Our advice, if it's 30% like the case above, don't take on more debt until you pay off one of the installments, or if your income has increased.

This debt ratio is very important to maintain your financial condition. If the debt ratio is more than 30%, then it is feared that later you will have difficulty paying your debt.

When the debt ratio is too large, it will also interfere with the budget for you and your family's needs, and even make you have difficulties in the future.

3. Saving Ratio

The saving ratio is the ratio between the amount of savings to total income. Usually in making financial planning, the ideal savings ratio is 10%-20% of total income.

For example, if you earn 10 million per month, then at least you have to save 1-2 million per month.

Try to save at the beginning of the month, when you first get a salary. So, please save before spending the money on your daily needs.

4. Investment Ratio

The investment ratio is measured by comparing the amount of money invested with the total income.

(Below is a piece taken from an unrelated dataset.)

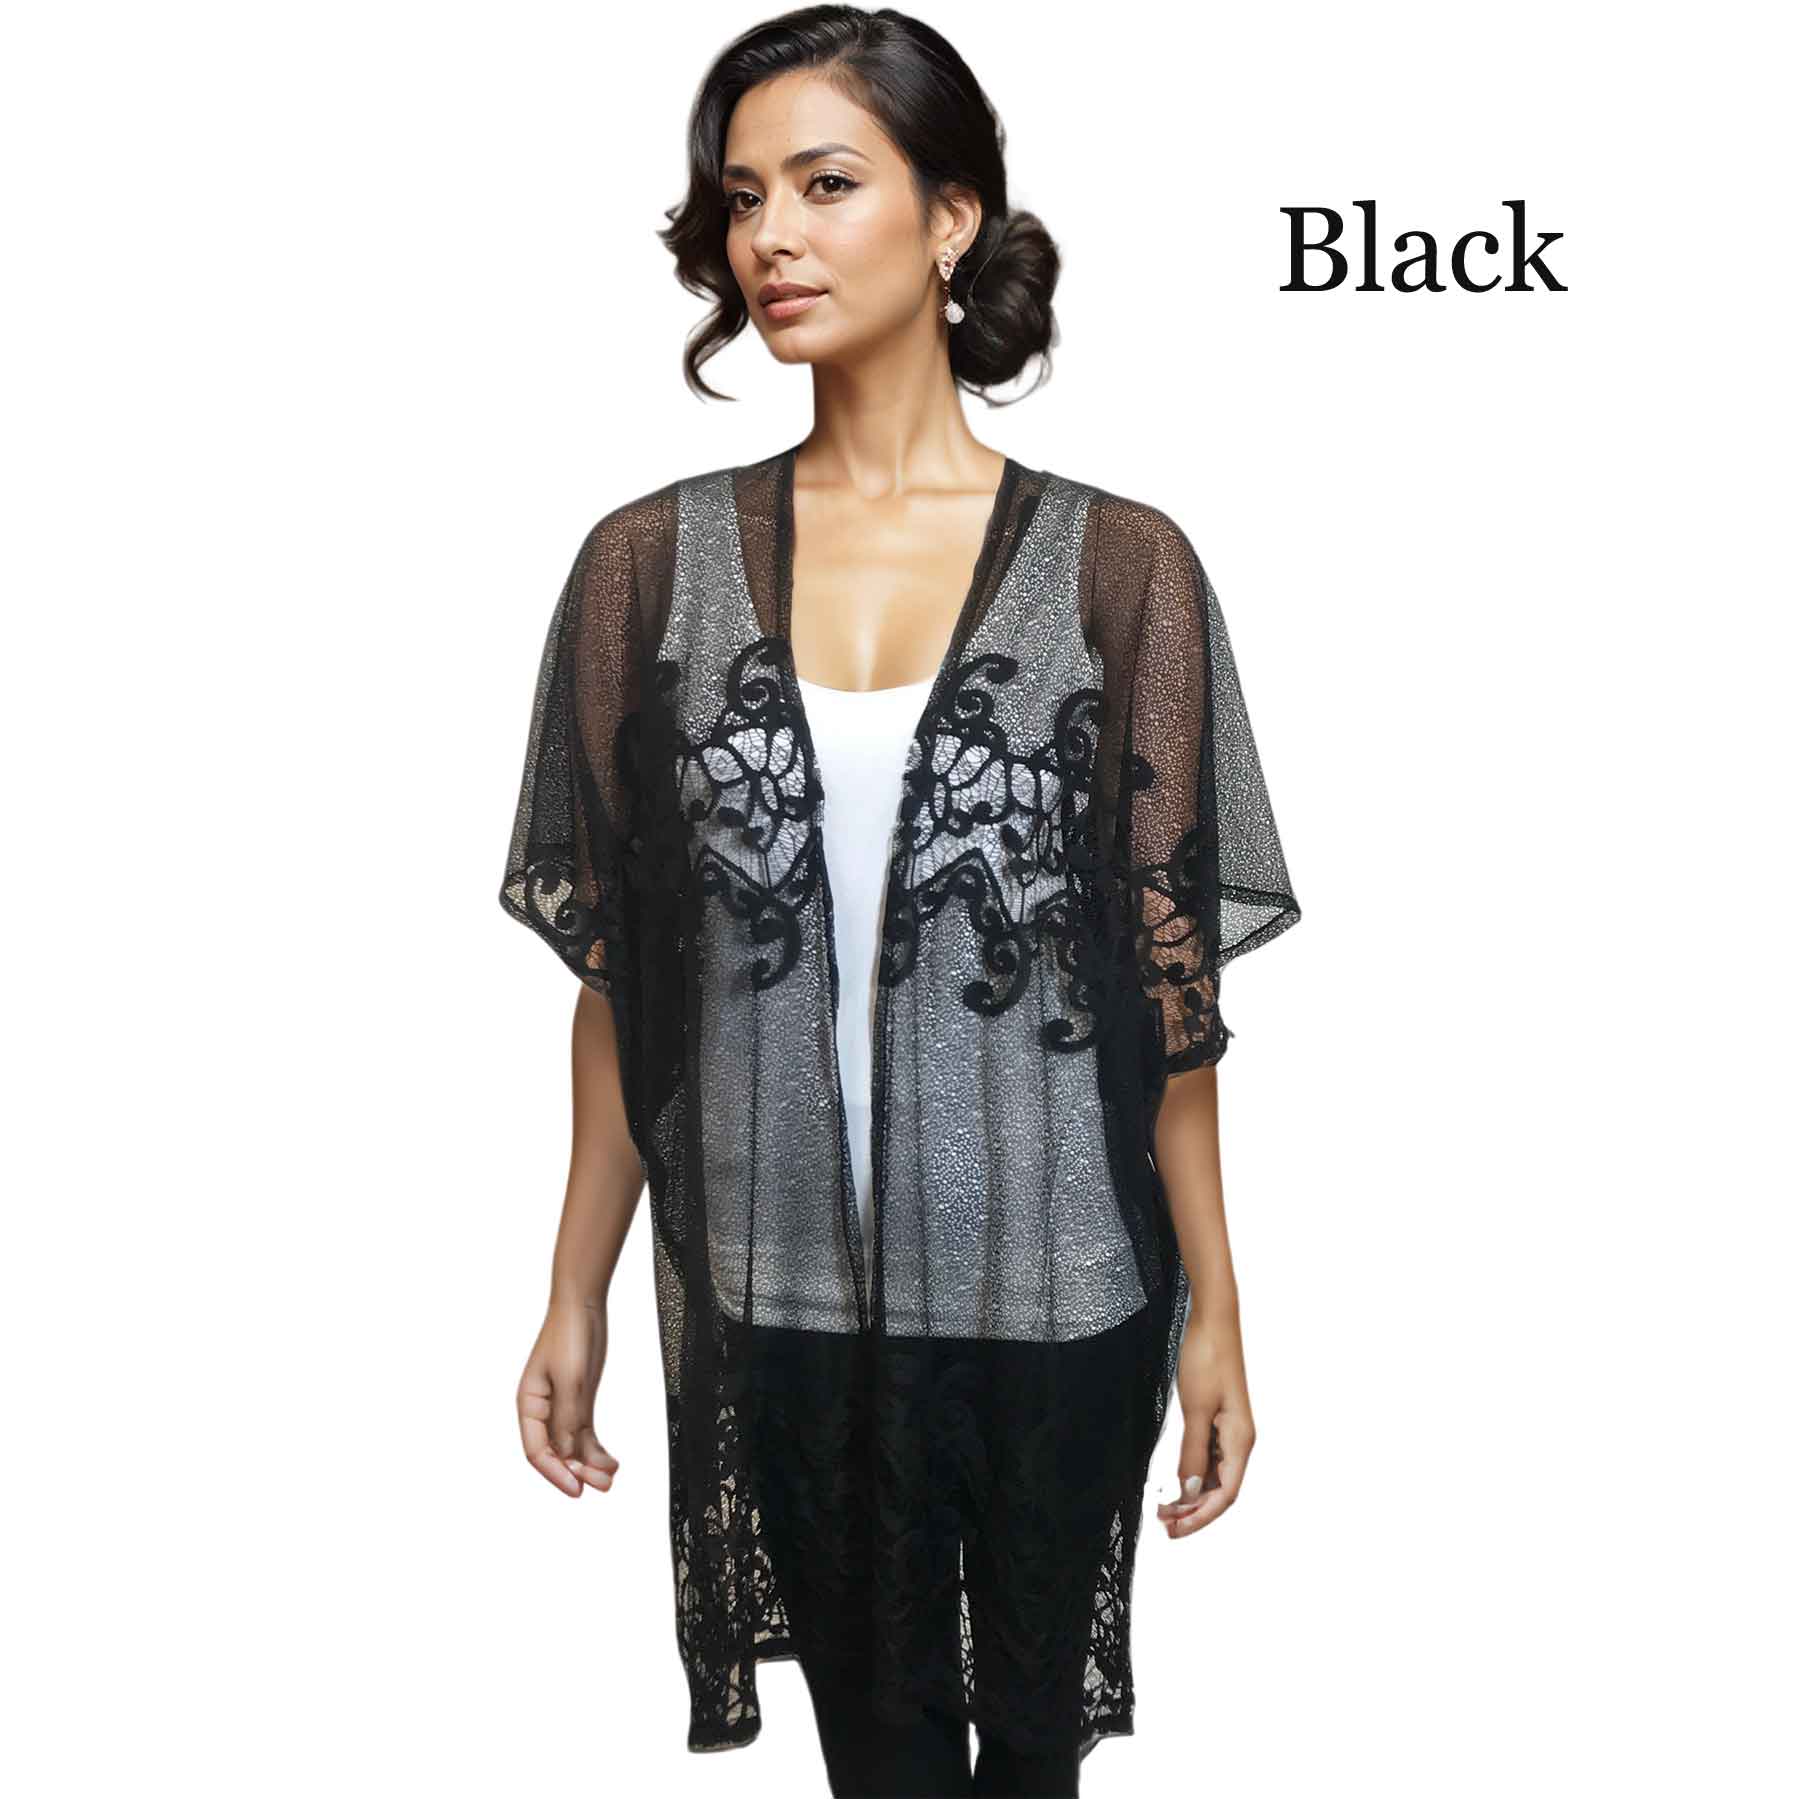 Black Kimono - Lace Design 9251
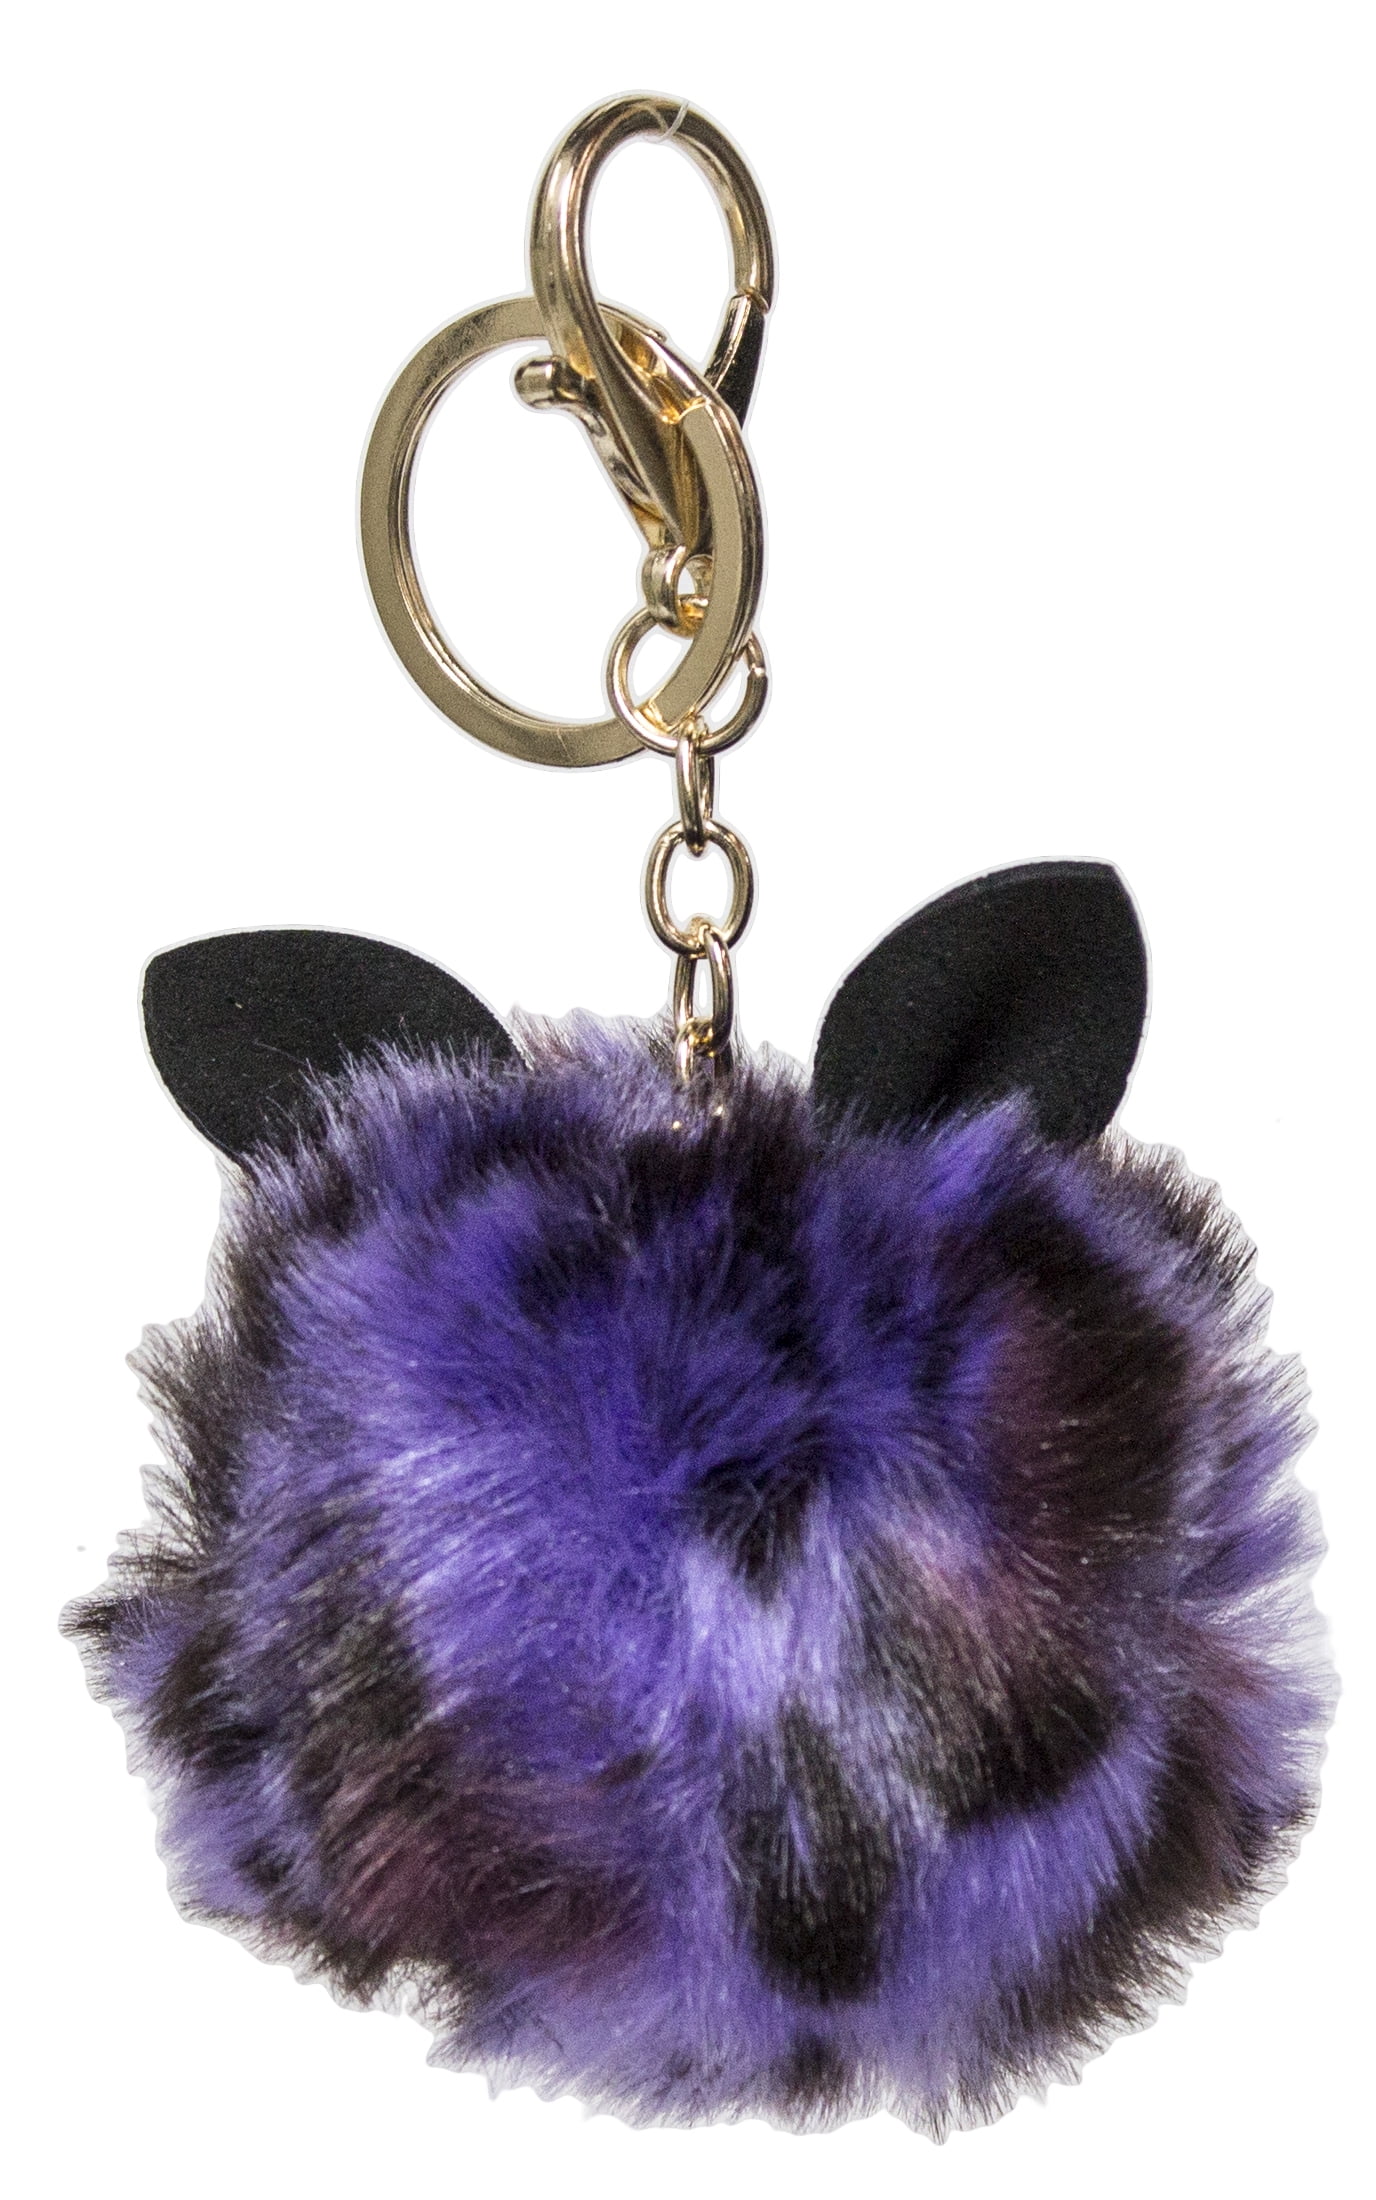 Catify Co Pom Pom Keychain with Cat Ears Gray

The higher the investment ratio, the better your financial health. Although actually, this investment ratio is a little difficult to achieve for beginners because usually investments are made after all needs have been met.

In investing itself, you need more knowledge in risk management, choosing investment instruments, determining the amount of investment, and others. Don't let yourself forget about other basic needs just because of investing.

So those are the four financial ratios that you can use in checking your financial condition. Try checking now, is your financial condition healthy or having trouble?